Две молодые девушки. Манерно растягивают слова так, как они сейчас их все манерно растягивают. Это ужасно, но сегодня меня ничто не раздражает. Как ничто не раздражает наблюдателя. А созерцатель – так и вовсе получает удовольствие. Одна из них плотно сбита, и кой чёрт сказал ей, что арийские бёдра совместимы с мини-юбкой? Видимо, тот же чёрт, что заставил её стройную подружку нацепить штаны, которые моя дочь называет, пардон, «двое насрали, один на жопу натянул». Они очень гармоничны, эти гундосящие нелепые подружки. Они обсуждают мальчиков. Молодых людей. Или, как на форумах глянцевых журналов принято называть эту форму жизни, – «молчелов». Да. Есть парни, есть мужчины. Есть даже бармены. А есть молчелы. Парни, мужчины и даже бармены встречаются с девушками, женщинами и, например, студентками. Молчелы встречаются с девушками, всё знающими о психологии отношений. Такие девушки читают советы стилистов и очень любят давать советы своим подружкам:
– Я ей говорю: «Так ты ему скажи!»
– А она что?
– А она молчит, как что-то с чем-то!
Две еврейки сильно элегантного возраста. Обе выкрашены под каштанок. Обе с усиками. Обе не спешат:
– Ему в следующем году поступать, так мы ищем связи.

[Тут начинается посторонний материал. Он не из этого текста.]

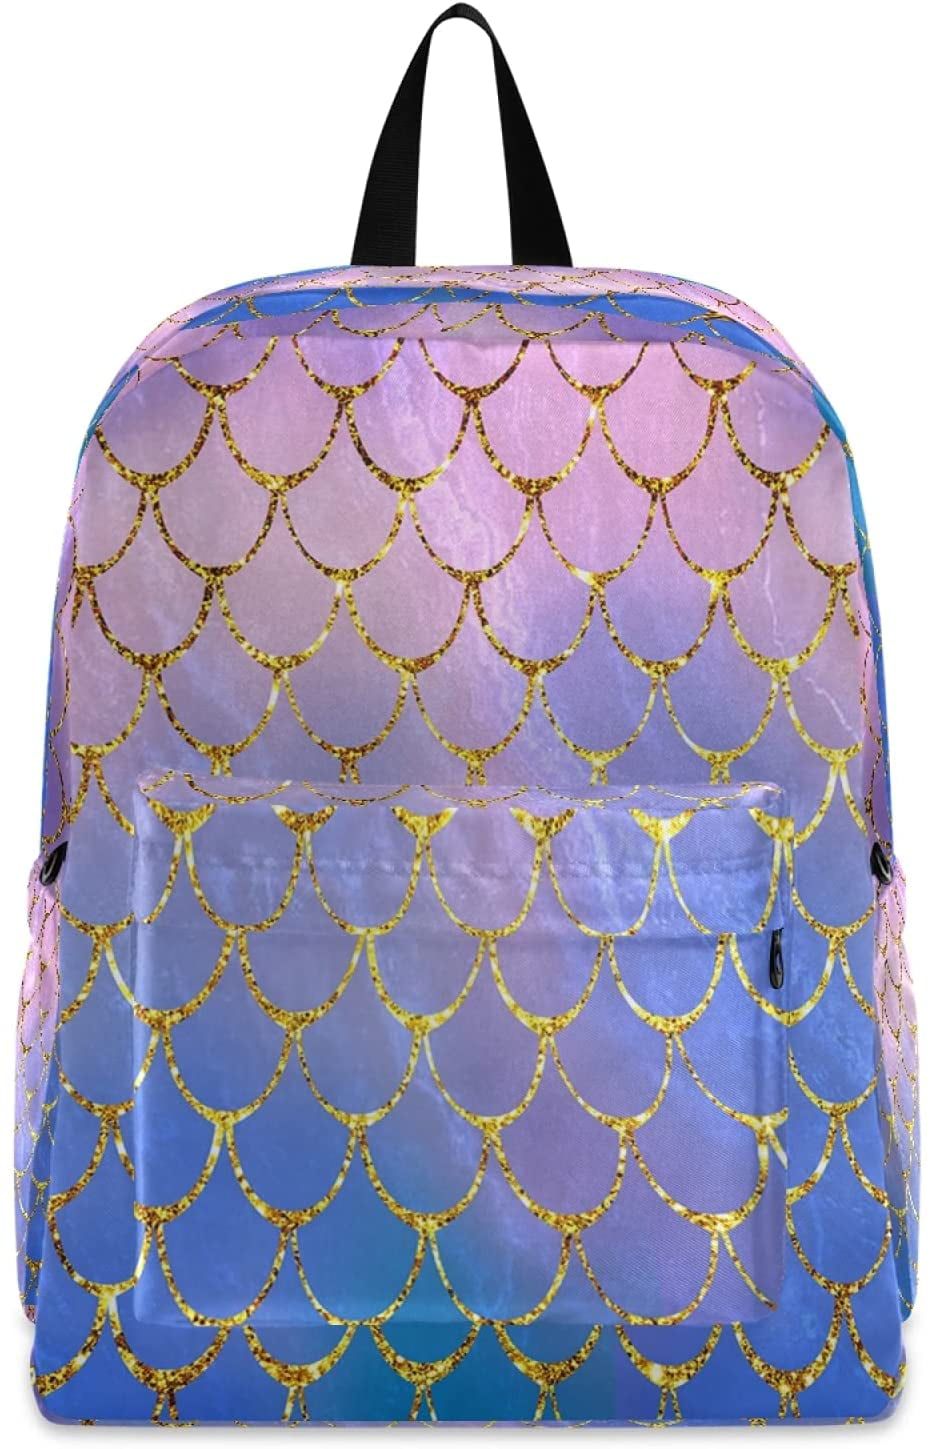 My Daily Fish Scale Mermaid Tail Backpack 14 Inch Laptop Daypack Bookbag for Travel College School

– Да какие сейчас связи? Сейчас были бы деньги!
– Сейчас надо и связи, и деньги.
– Так то и раньше так было.
– Так я же тебе и говорю, что ничего не изменилось, так мы ищем связи…
Он и она. Муж и жена. Он – тощий и вихляющийся. Она ему по плечо, и сразу видно, что ассистент кафедры. Из таких – из главных по бумагам. Он на чём-то настаивает и нервничает. Нервничает потому, что она уже давно приняла решение и альтернативного развития событий не будет:
– Я тебе русским языком говорю!..
– Я неделю подряд переводила тесты с украинского на английский! Я не понимаю твой русский!
Две молодые женщины. В по-южно-приморско-городскому ярких макияжах. Вышли просто прогуляться. В столице бы так пошли в ночной клуб. А тут так принято просто ходить по улицам. Обсуждают третью. Чем ещё занимаются женщины, собирающиеся вдвоём? Всегда одним и тем же – обсуждают третью:
– Она купила норковую шубу только потому, что дёшево. На три размера больше, чем ей надо, но дёшево.
– И что она с шубой делает?
– Она шубу перешивает. Она уже три раза шубу перешивала, и каждый раз с неё брали столько, что та шуба ей уже не норковая, а золотая.
Высокая, стройная, лет пятидесяти. Размахивает сигаретой, говорит в телефон:
—Он не может заменить в кране прокладку. Я ему говорю, ты же капитан! Ты такое огромное судно ведёшь по океану! Это же столько воды – соображать надо. Как ты можешь соображать, если ты не можешь поменять в кране прокладку?! С ума сойти! Махину железа – может, а прокладку поменять – не может! Я таки сделаю ему много воды!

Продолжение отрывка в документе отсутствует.